━━━━━ TASK INPUTS

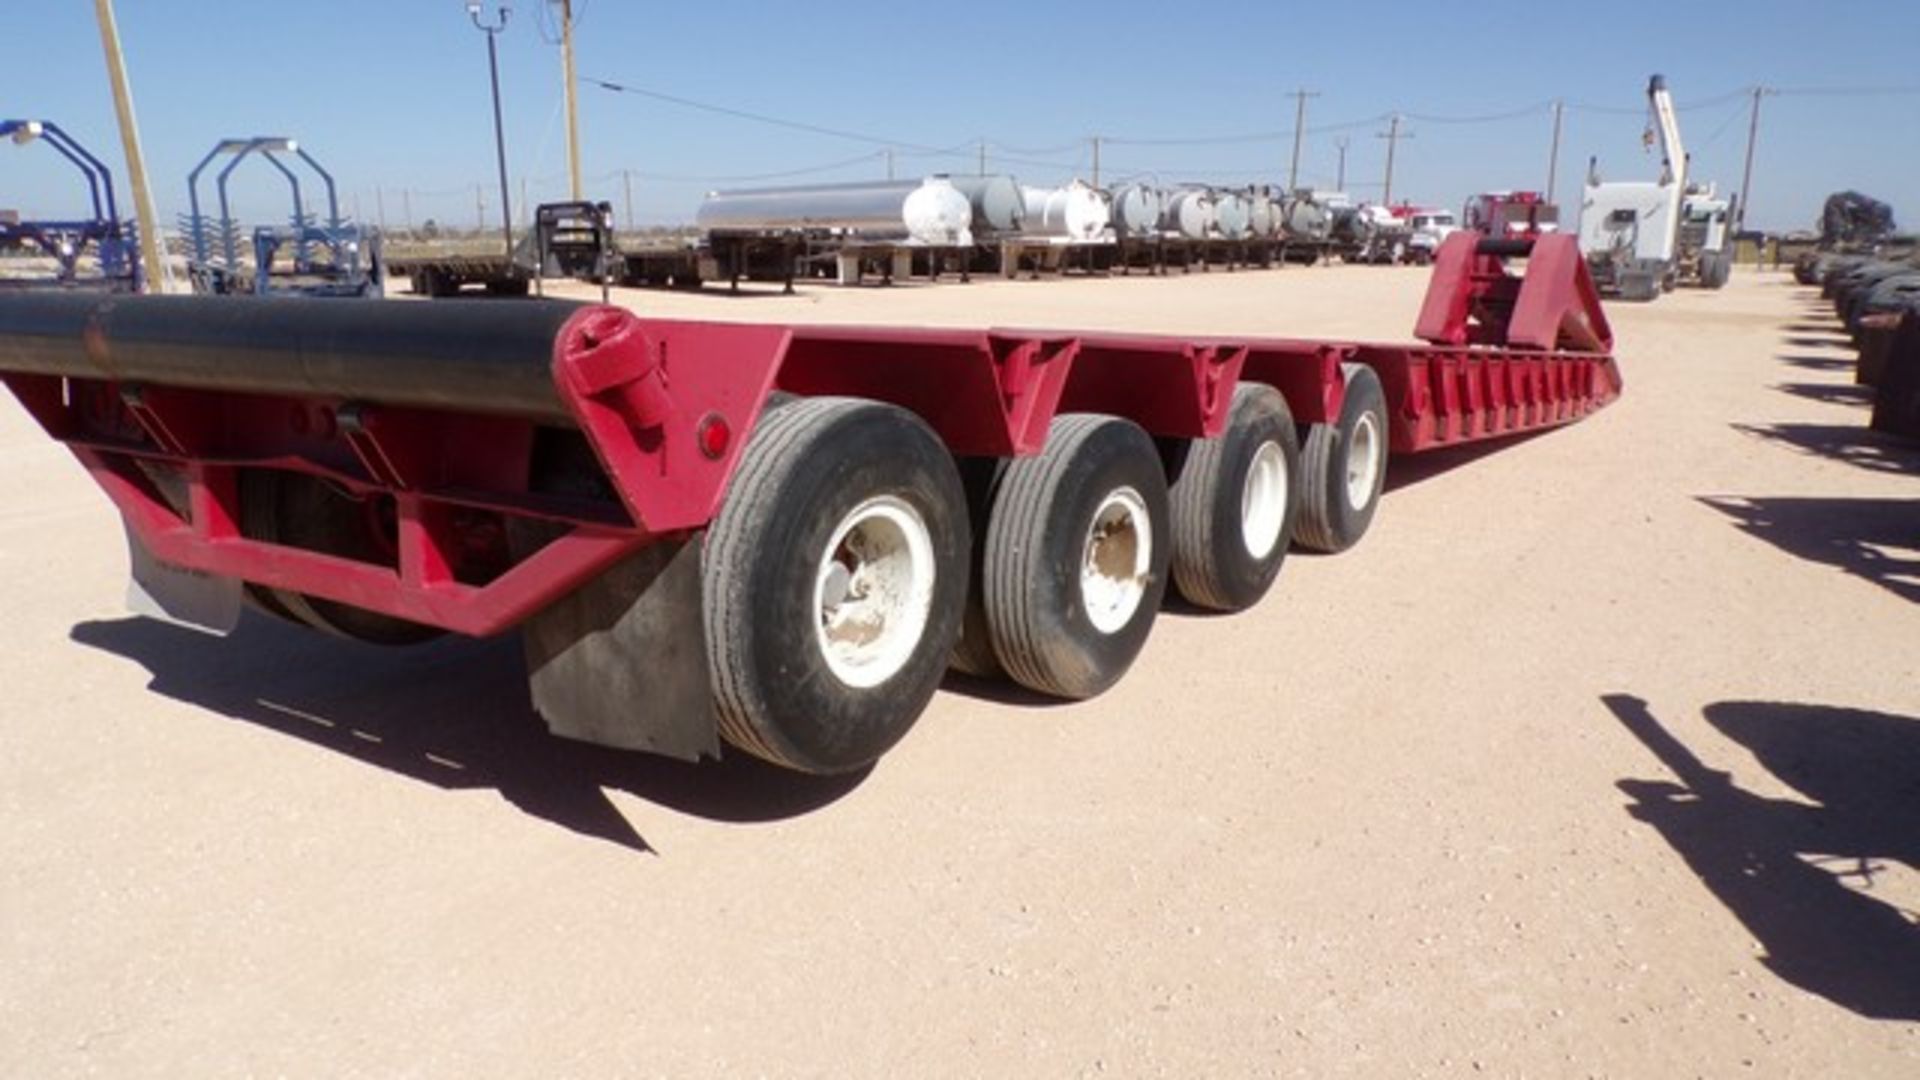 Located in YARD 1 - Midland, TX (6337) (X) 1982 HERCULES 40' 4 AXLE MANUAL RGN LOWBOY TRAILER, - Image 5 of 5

━━━━━━━━━━
━━━━━ TASK INPUTS

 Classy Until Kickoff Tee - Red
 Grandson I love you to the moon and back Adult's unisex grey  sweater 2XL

━━━━━━━━━━

_TASK OBJECTIVE_
Your task is to restate, word for word, only those lines above that fall between the line holding "Classy Until Kickoff Tee - Red" and the line holding "Grandson I love", inclusive.

_FINISHED EXERCISE_
 Classy Until Kickoff Tee - Red
 Grandson I love you to the moon and back Adult's unisex grey  sweater 2XL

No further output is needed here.